Él la miró con la mirada enérgica que todo lo veía, todo lo registraba. A la vez, el niño que lloraba en la noche, lloraba desde su pecho, hacia ella, de una forma que conmovía las entrañas de Connie.

—Es muy amable al preocuparse por mí —dijo él, lacónico.

—¿Y por qué no iba a hacerlo? —exclamó ella, con la respiración agitada.

Él respondió con su risa burlona, sibilante.

—Así las cosas, ¿puedo tomar su mano un minuto? —dijo él de improviso, fijando los ojos en ella con un poder casi hipnótico y enviándole una carga de atracción que a ella le tocó fibras íntimas.

Connie lo miró con fijeza, deslumbrada y transfigurada, y él se acercó, se arrodilló ante ella, tomó sus pies, hundió el rostro en su regazo y allí se quedó, inmóvil. Aturdida, Connie miró con azoro le tierna nuca apoyada en su regazo, sintió la presión del rostro de Michaelis en sus muslos. En su ardiente turbación, no pudo evitar que su mano se posara, con ternura y compasión, en la nuca inofensiva, y él tembló con un profundo estremecimiento.

Luego él alzó hacia ella la mirada de sus intensos ojos brillantes de imponente atractivo y ella fue incapaz de resistirse. Del fondo de su pecho brotó la respuesta, un inmenso deseo: le daría lo que fuera, cualquier cosa.

Michaelis era un amante extraño y delicado, dulce con las mujeres.
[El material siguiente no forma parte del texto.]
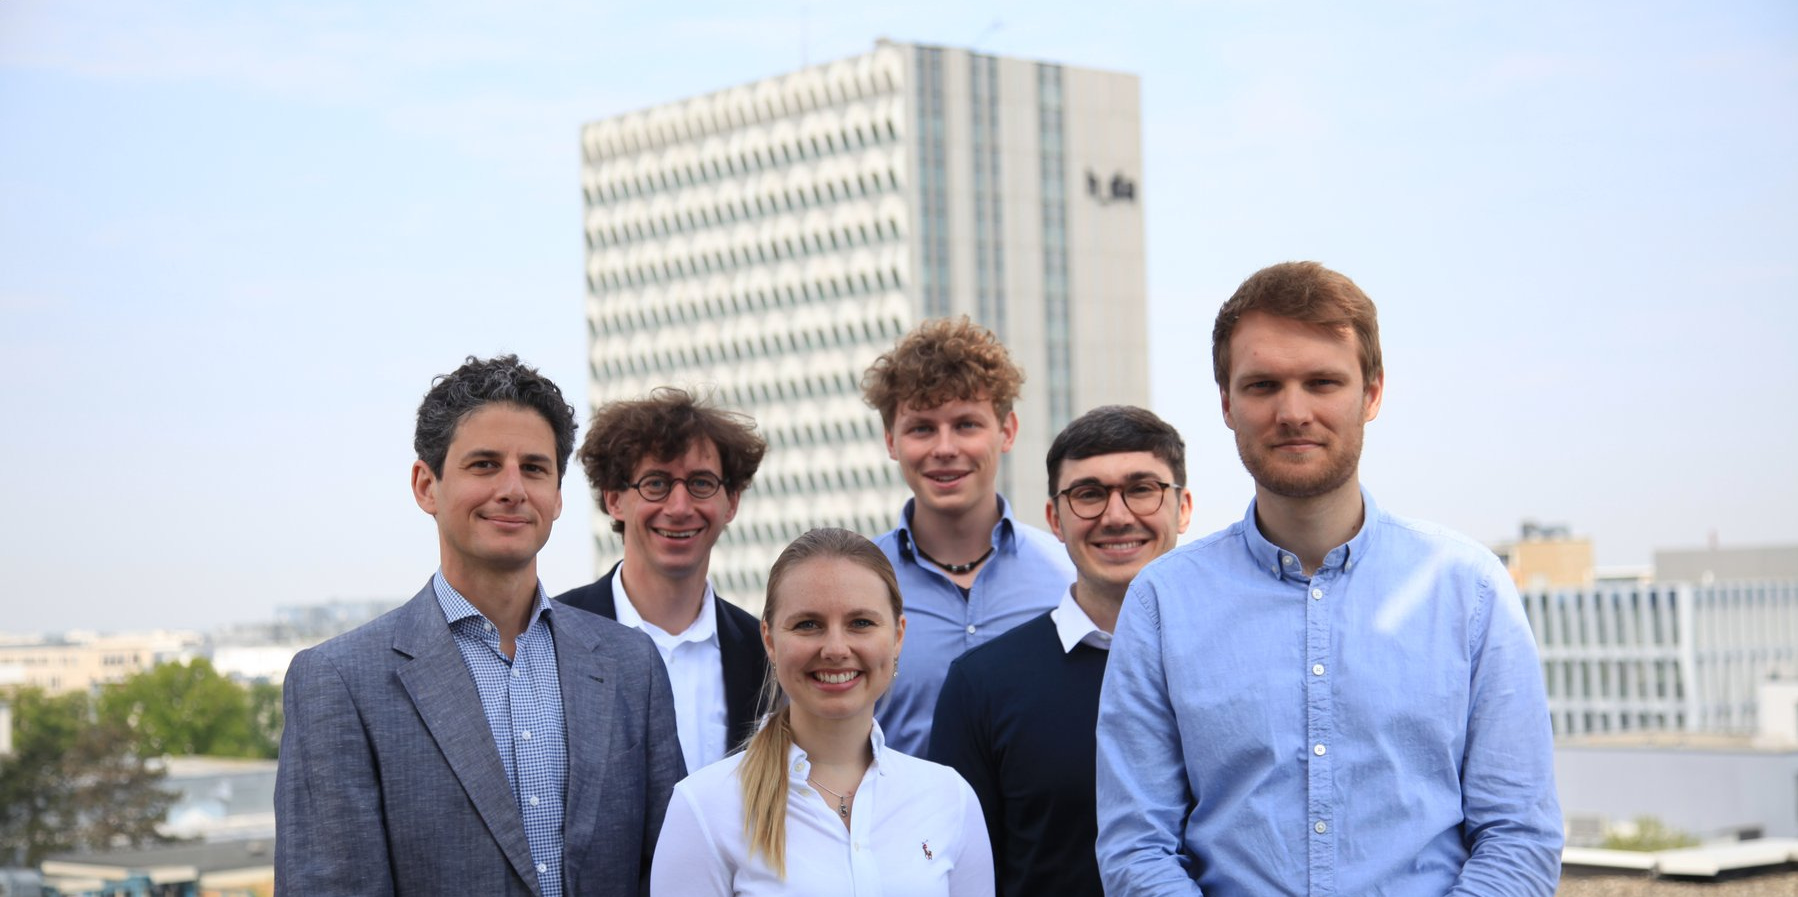 Gruppenfoto des daFNE-Teams vor dem Hochhaus der Hochschule Darmstadt

Temblaba sin lograr controlarse y al mismo tiempo permanecía distante, consciente de los sonidos exteriores.

Para ella todo eso no significaba nada, sino que ella se había entregado a él. Después él dejó de temblar y se quedó quieto, muy quieto. Entonces ella, con dedos cariñosos y compasivos, acarició la cabeza que descansaba sobre su pecho.

Cuando Michaelis se levantó, besó las manos de Connie, luego los pies envueltos en pantuflas de gamuza, y en silencio se retiró hasta el final de la habitación, donde permaneció de espaldas a ella. Después de unos minutos de silencio él se dio vuelta y se acercó a ella, sentada de nuevo junto a la chimenea.

—Supongo que me odiará —dijo él de manera tranquila e inevitable. Ella alzó los ojos, rápida.

—¿Por qué habría de hacerlo? —preguntó.

—Casi todas lo hacen —dijo él, y en seguida corrigió—. Quiero decir que eso ocurre con las mujeres.

—No tengo razones para odiarlo —dijo ella con resentimiento.

—¡Lo sé! ¡Lo sé! ¡Así tendría que ser! Es usted muy buena conmigo —dijo él lloriqueando.

Connie se preguntó por qué se sentiría él miserable.

—¿Quiere volver a sentarse? —dijo ella. Él se volvió hacia la puerta.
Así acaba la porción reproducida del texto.